Last year Adam Saltsman made an argument in The Diplomat that too much of a differentiation between refugees and labourers may actually do harm to those who analysts and scholars may wish to help, now that so many of the once “refugees” have already entered the labour pool in Thailand. He argues that “advocacy for refugees must be linked with advocacy for migrants and for labour rights” in order to come to any “durable solutions.”
My own forays into the study of the Burmese in Thailand have also generated qualitative as well as quantitative evidence to argue against this simple binary. This needs to be analysed more fully.
One way to critique any simple causation narrative between refugees and labourers from Myanmar may be to think of it beyond the contemporary. If, as a corollary to recent data from the Thailand-Myanmar border, one were to also study the question over time, I suspect that some aspects of the binary narrative would begin to appear theoretically provincial, while other aspects would come into sharper relief. Past migrations into the space that is the Chao Phraya basin (central Thailand) may be more similar to the contemporary migration from Myanmar than originally thought.
Taking a long view, not just off the past 50 years or past century, but all the way back to at least the beginning of the Common Era, a study of a full two millennia of human mobility into and out of the entire Chao Phraya watershed tells us a very different story to the somewhat myopic, though of course always heartfelt, lived experiences of particular individuals who make the trek from Myanmar to Thailand today.
Millennia of massive movements
The Chao Phraya basin has been witness to massive movements of humans for thousands of years, which by the first quarter of the 1900s at least was still going strong.

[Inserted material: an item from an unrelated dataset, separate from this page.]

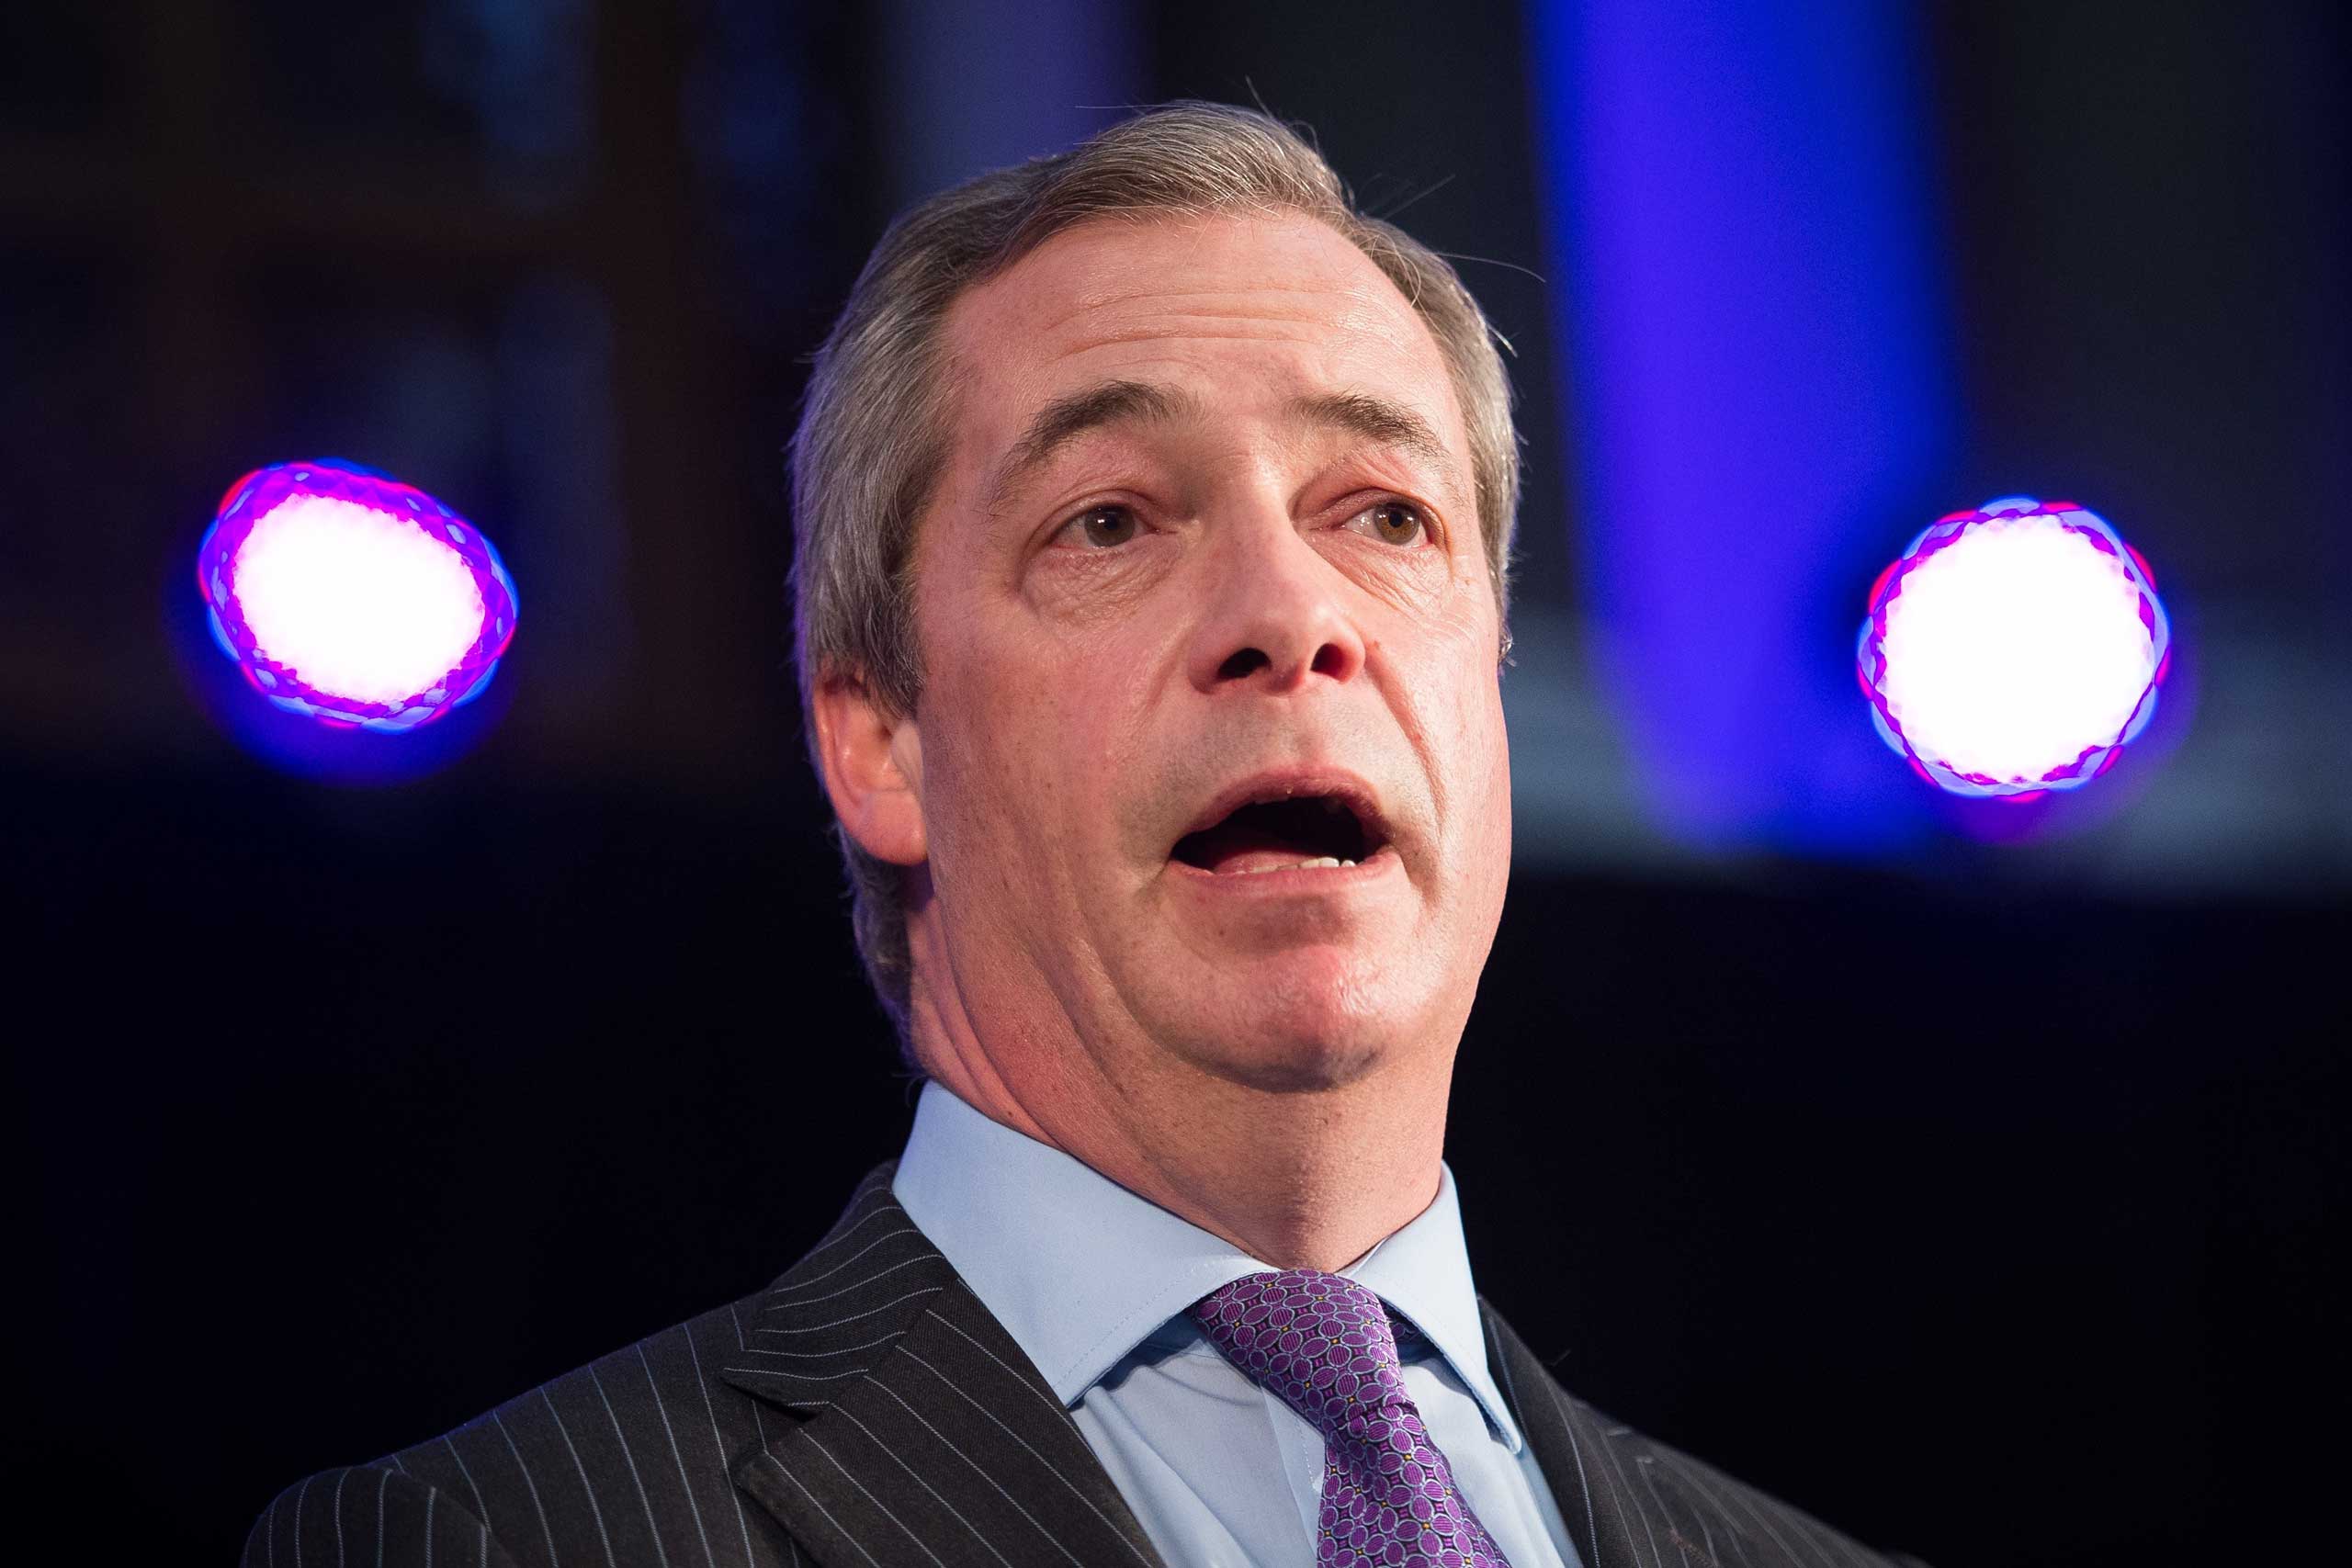 United Kingdom Independence Party (UKIP) leader Nigel Farage addresses supporters and media personnel in central London on March 4, 2015.

Elements of these massive movements of people still impinge upon the collective conscious of Thai subjects, most readily in terms of how they view their own migration and in terms of how they view the migrations of the “other”–in this case the Burmese–into their political society today.
Understanding the history of all migrations into the Thai political sphere for the last two thousand years is a tall order. My attempts to do so are now open for review and comment. This synthesis of two thousand years of migratory instances and patterns from incredibly rich narratives of historians into one chapter-length argument is in its first draft and is entitled “Analytic History of Migration into Thailand: Prehistory to 1917.”

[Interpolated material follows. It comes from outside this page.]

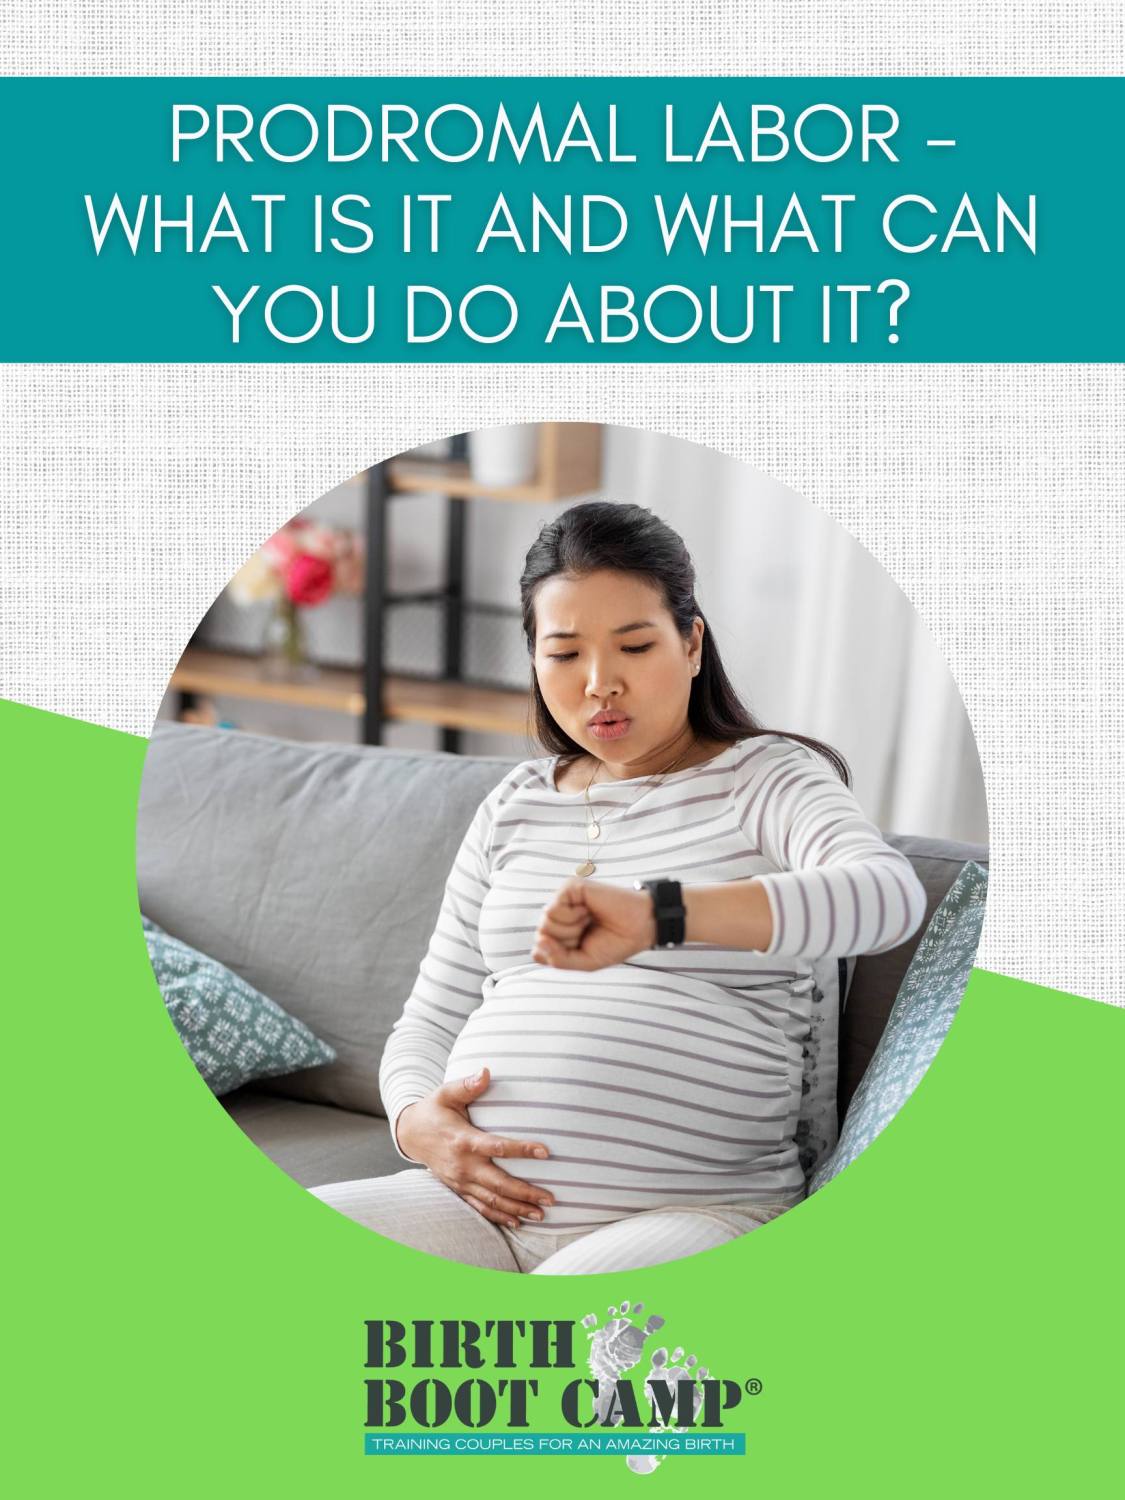 Text: Prodromal Labor - What is it and what can you do about it? Image - Pregnant woman wearing a striped shirt sitting on a couch. She is holding her pregnant belly and breathing out. Looks like she is timing a contraction.

Two main themes emerge when one attempts such a study. And for both of these themes, neither depend upon any supposed cleavage between migrant “refugees” and migrant “labourers” nor upon any implied cleavage between migrations that are “voluntary” and migrations that are “forced.”

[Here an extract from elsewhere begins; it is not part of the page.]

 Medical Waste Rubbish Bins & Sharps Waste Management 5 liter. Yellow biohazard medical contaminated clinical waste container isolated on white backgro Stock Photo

Instead, from the causal view of the long-term, two general patterns emerge: 1) high-volume, short-timespan migrations; and 2) low-volume, long-timespan migrations.
The first type of high-volume, short-timespan migrations are caused by a rejection of, or capture by, a warring political society. These are best shown through the movements of Northern Tai-speakers, Mon-speakers, Lao-speakers, and Karrenic-speakers. The coerciveness as well as any perceived violent-political threat of the village-state, whether intentional or simply due to incompetence, is the self-evident cause of the majority of migrations in one way or another for the period between the 1200s and 1917. More people have moved to the Chao Phraya basin because of war, or fear thereof, than any other reason.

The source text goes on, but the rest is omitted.